DATA EXTRACTS:

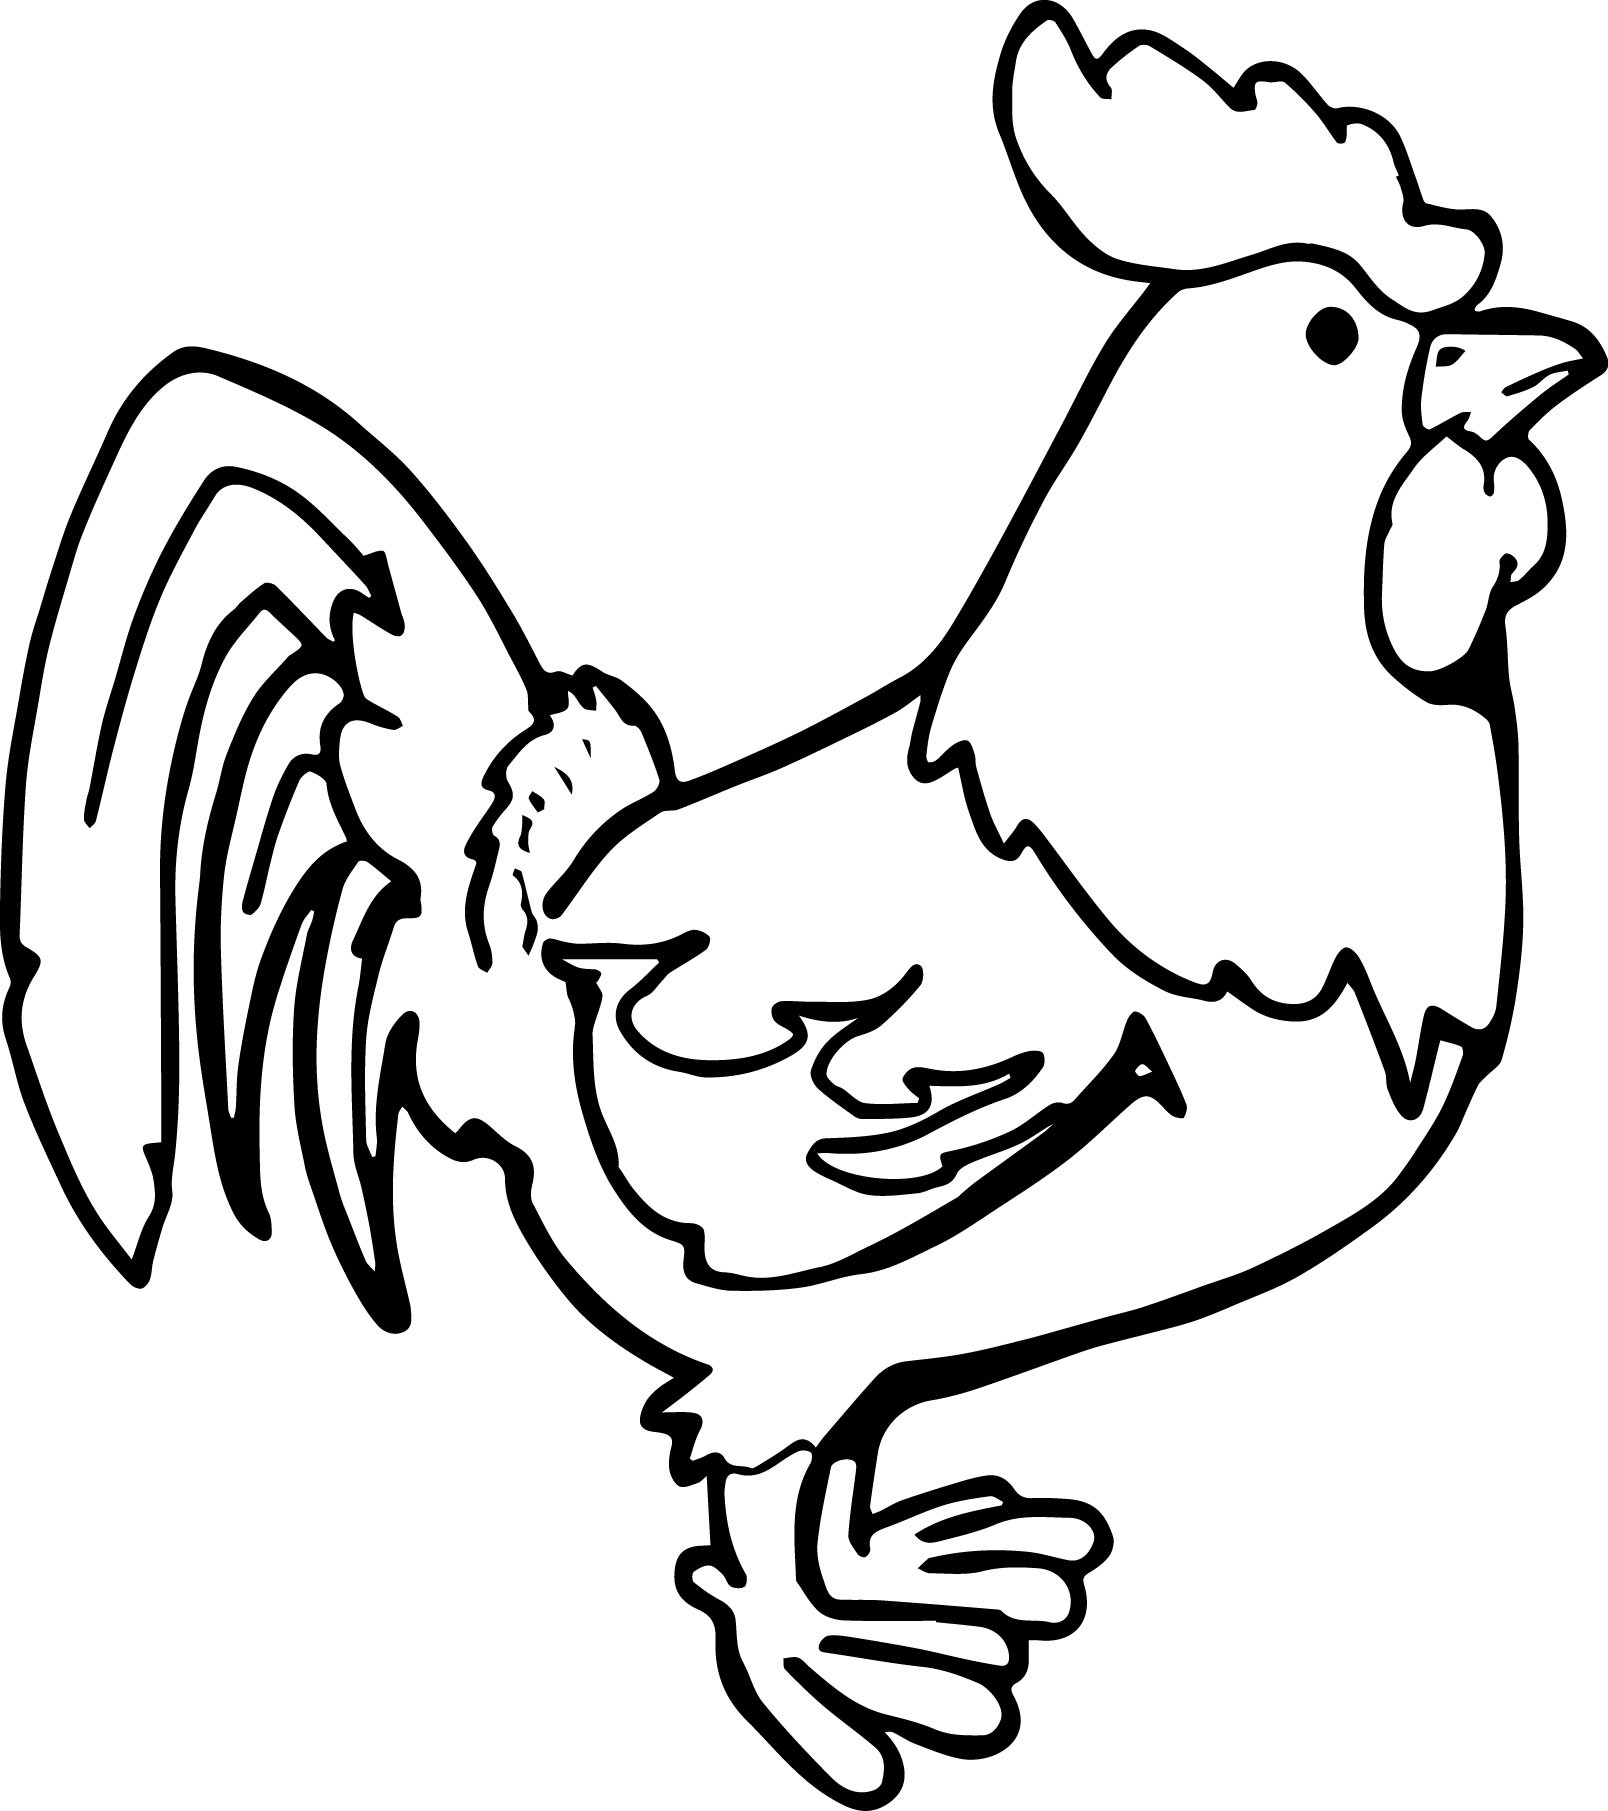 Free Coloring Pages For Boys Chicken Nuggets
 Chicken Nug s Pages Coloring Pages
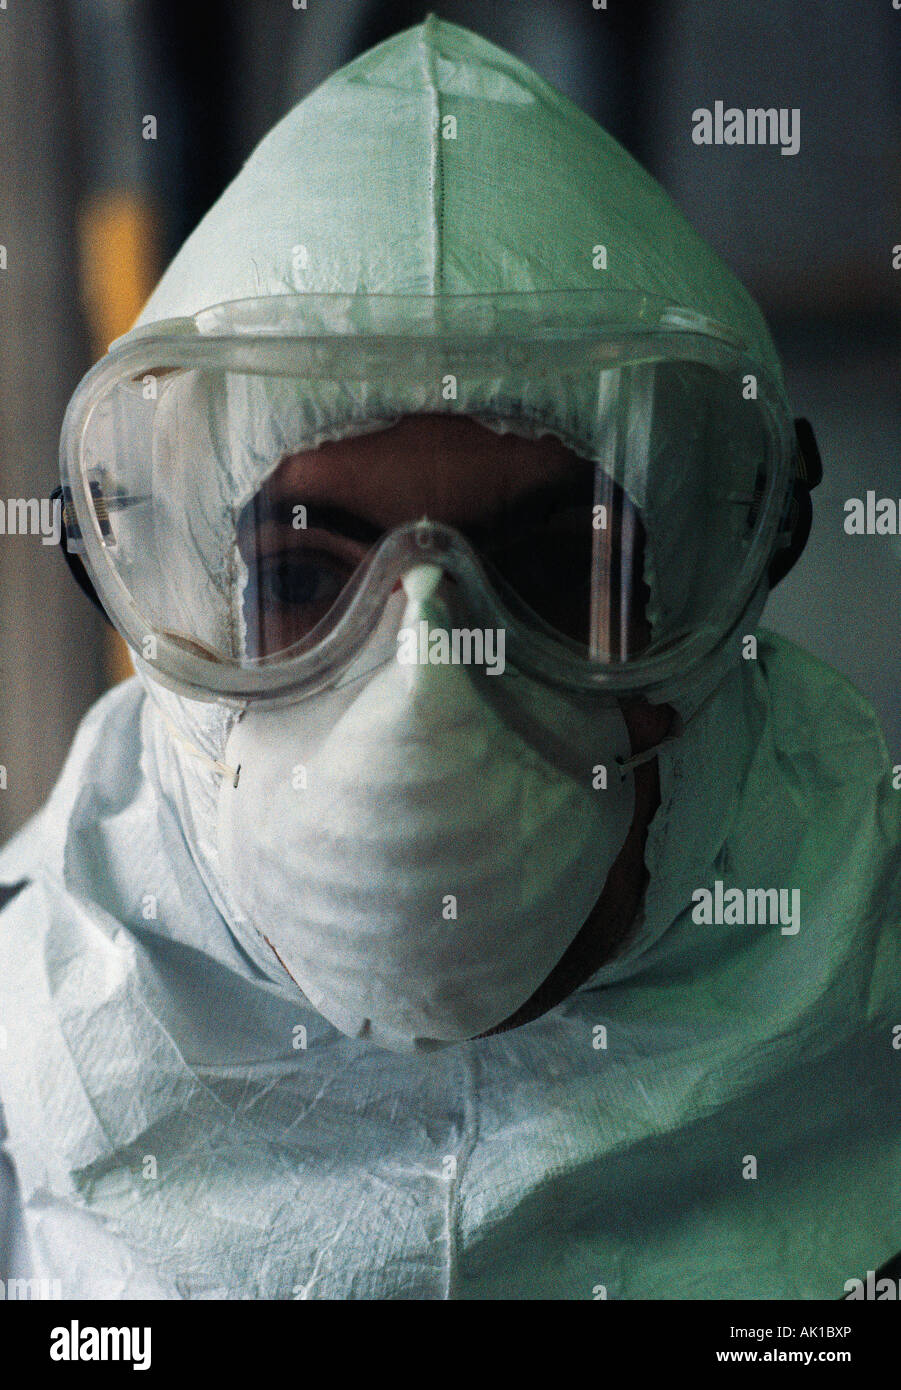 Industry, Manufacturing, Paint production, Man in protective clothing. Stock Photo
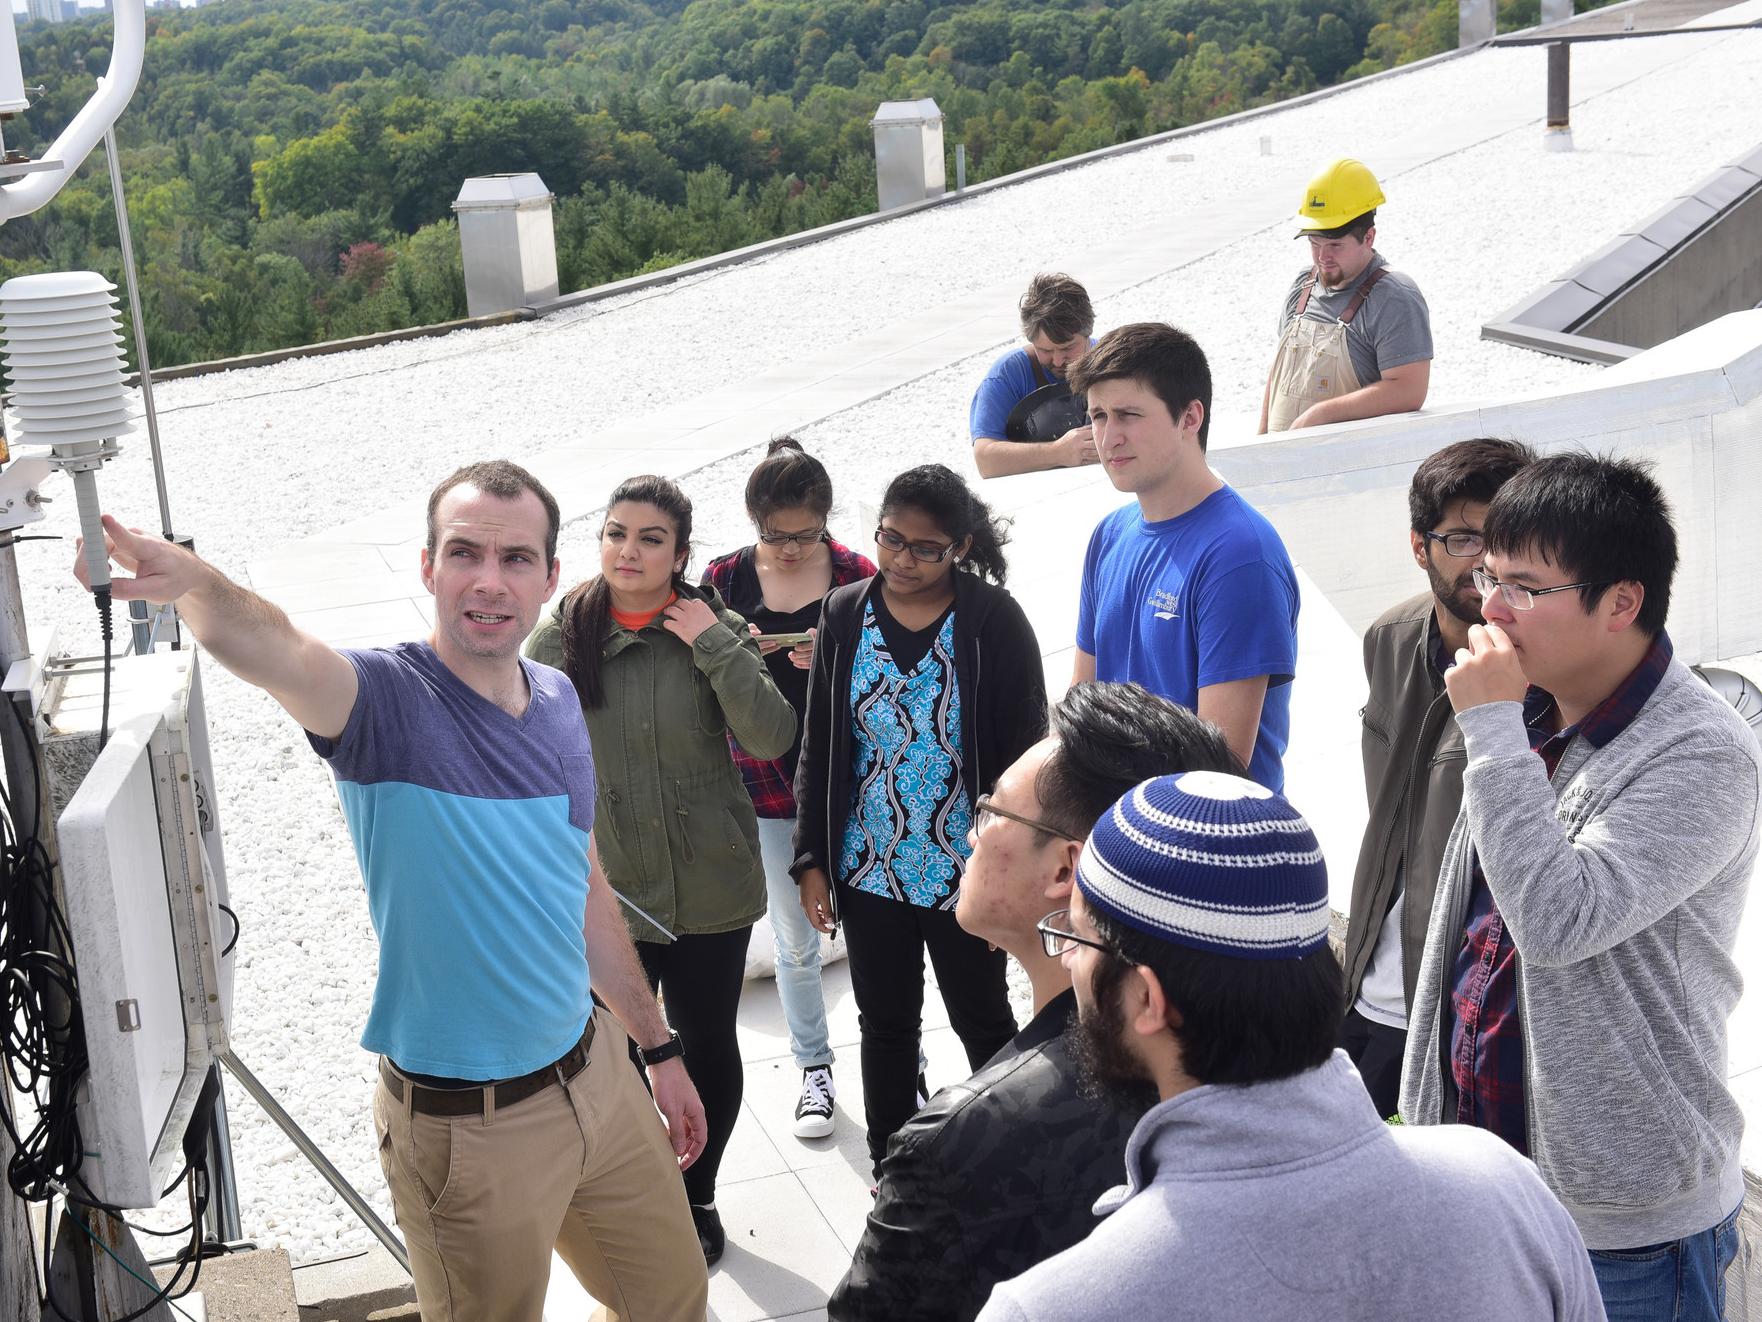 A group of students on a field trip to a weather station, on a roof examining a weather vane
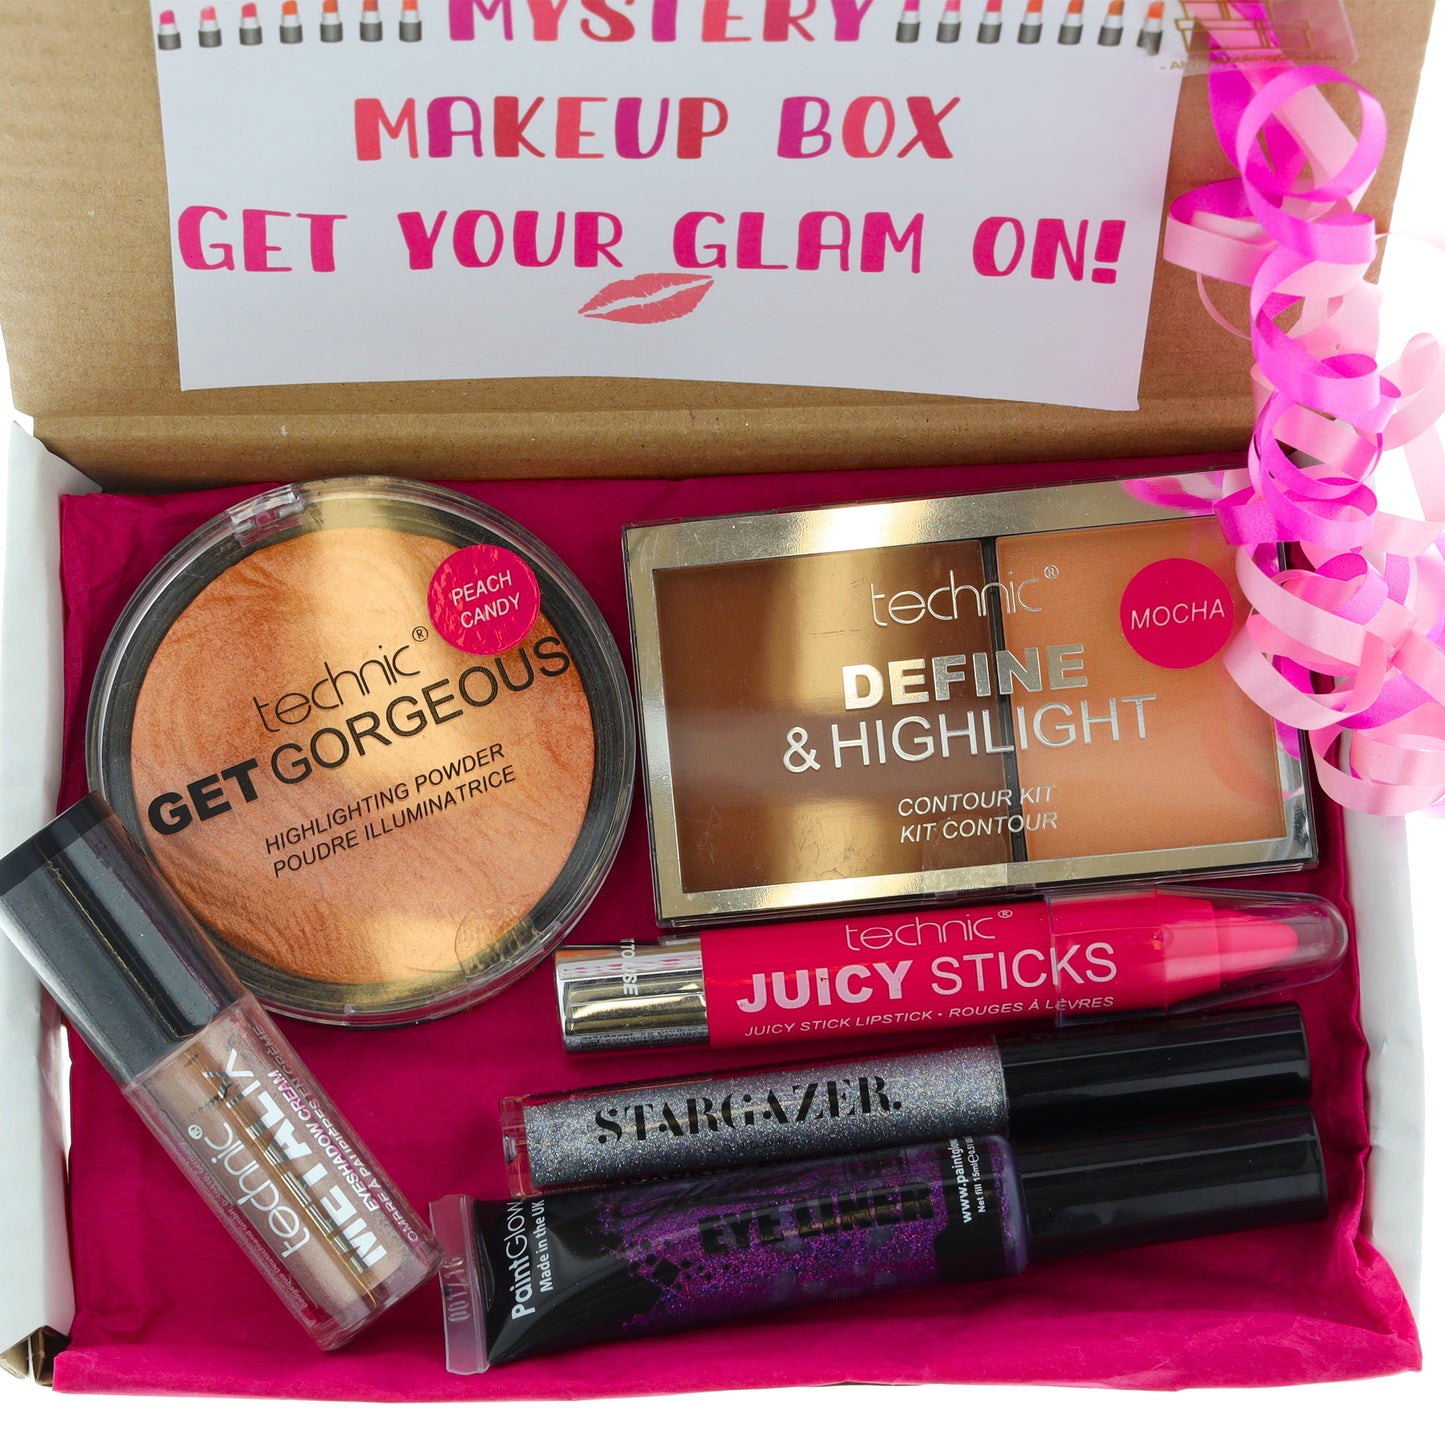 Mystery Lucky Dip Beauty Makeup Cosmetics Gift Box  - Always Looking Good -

EXERCISE: Leave out the pictures and give the rest of the material again, unaltered.

RESULT OF THIS TASK:
 Free Coloring Pages For Boys Chicken Nuggets
 Chicken Nug s Pages Coloring Pages
 Industry, Manufacturing, Paint production, Man in protective clothing. Stock Photo
 A group of students on a field trip to a weather station, on a roof examining a weather vane
 Mystery Lucky Dip Beauty Makeup Cosmetics Gift Box  - Always Looking Good -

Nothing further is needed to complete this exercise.